Now the interesting thing is that in the example given above, you get a negative a when you fit a quadratic to the sea-level data in Fig. 2, but you get a positive a when you make a linear fit to the rate curve in Fig. 1. You’d probably find the latter more informative since it has to do with how the rate of rise has changed, which is the question of prime interest. But as argued above, for such a time evolution it is neither a good idea to fit sea level with a quadratic nor to fit the rate curve with a straight line – it’s a bad model that gives inconsistent results.
% script to produce idealised sea level curves
a = 1.42e-5; b = -0.0159; c=2;
rate= a* x.^3 + b*x + c;
slr = cumsum(rate); % integrate the rate to get sea level
% compute quadratic fit
p = polyfit(x,slr,2);
acceleration = 2 * p(1)
Church, J. A., and N. J. White (2006), A 20th century acceleration in global sea-level rise, Geophys. Res. Let., 33(1), L01602.
Church, J. A., and N. J. White (2011), Sea level rise from the late 19th to the early 21st Century, Surveys in Geophys., 32, 585-602.
Holgate, S. (2007), On the decadal rates of sea level change during the twentieth century, Geophys. Res. Let., 34, L01602.
Houston, J., and R. Dean (2011), Sea-level acceleration based on US tide gauges and extensions of previous global-gauge analysis, J. Coast. Res., 27(3), 409-417.

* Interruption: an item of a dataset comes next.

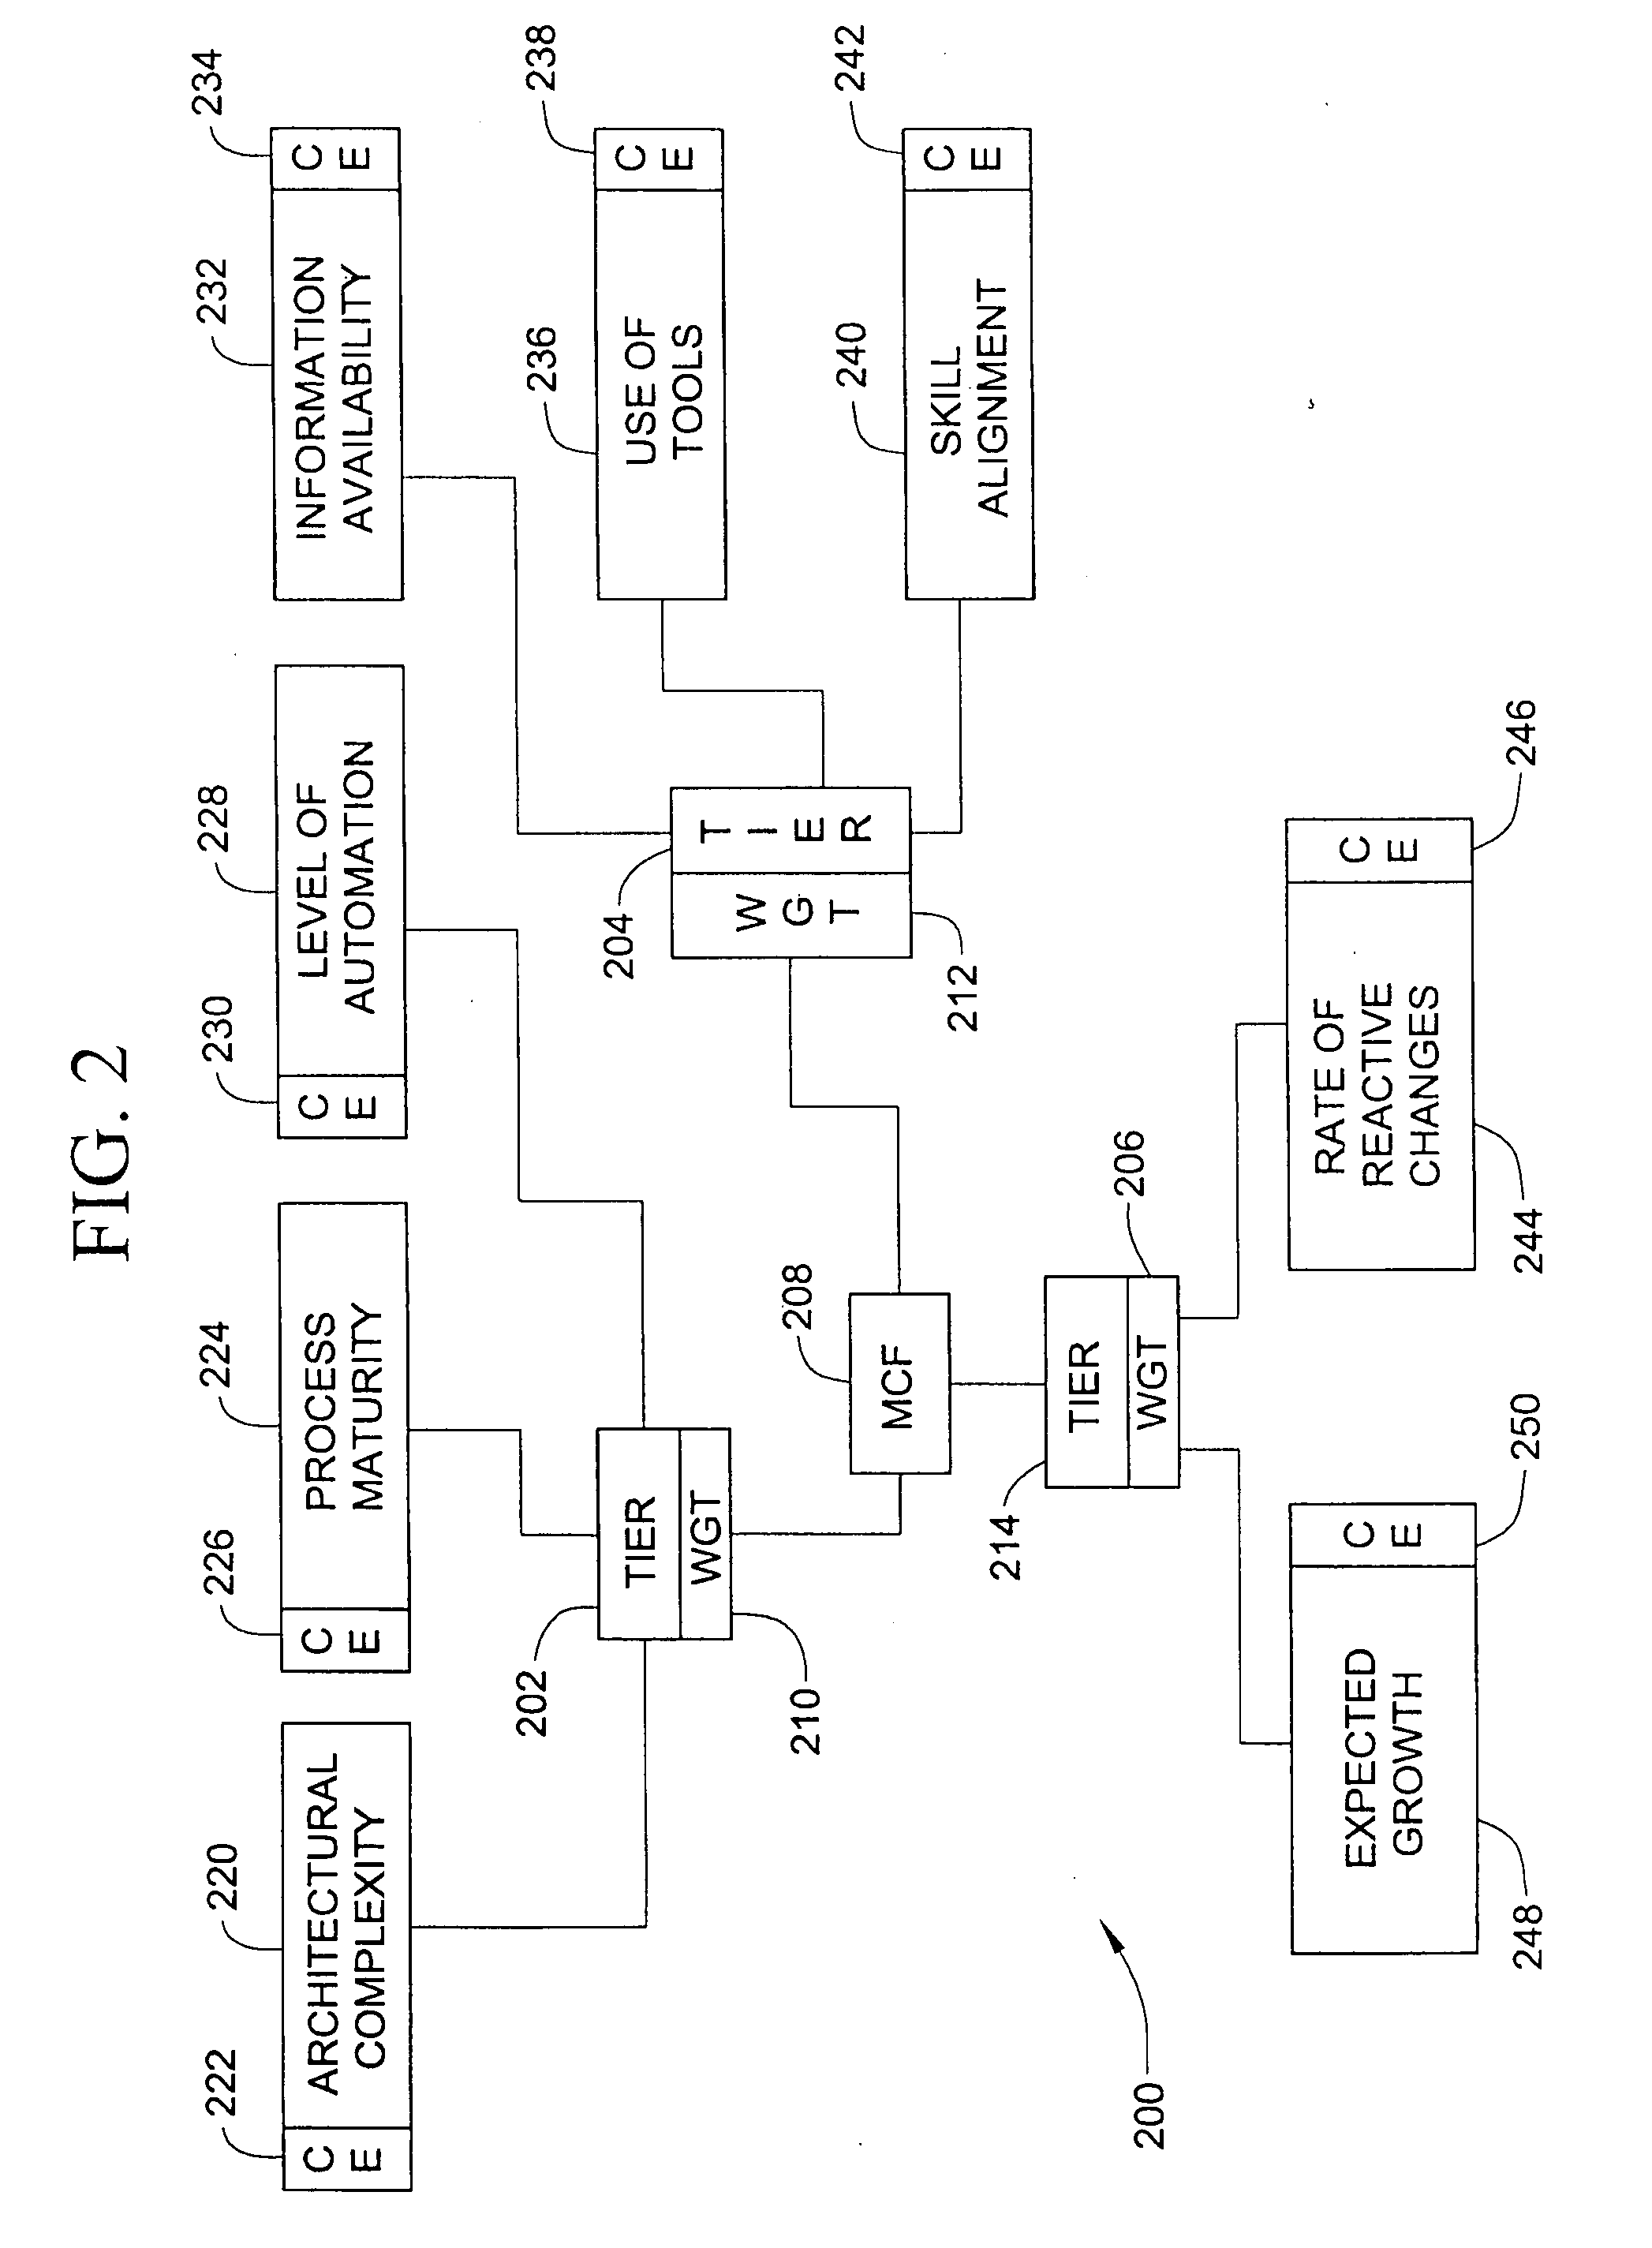 Method and system for determining a management complexity factor for delivering services in an environment

Rahmstorf, S. (2007), A semi-empirical approach to projecting future sea-level rise, Science, 315(5810), 368-370.
Rahmstorf, S., and M. Vermeer (2011), Discussion of: Houston, J.R. and Dean, R.G., 2011. Sea-Level Acceleration Based on U.S. Tide Gauges and Extensions of Previous Global-Gauge Analyses., J. Coast. Res., 27, 784–787.
Rahmstorf, S., M. Perrette, and M. Vermeer (2012), Testing the Robustness of Semi-Empirical Sea Level Projections, Clim. Dyn., 39(3-4), 861-875.
Wahl, T., J. Jensen, T. Frank, and I. Haigh (2011), Improved estimates of mean sea level changes in the German Bight over the last 166 years, Ocean Dyn., 61, 701-715.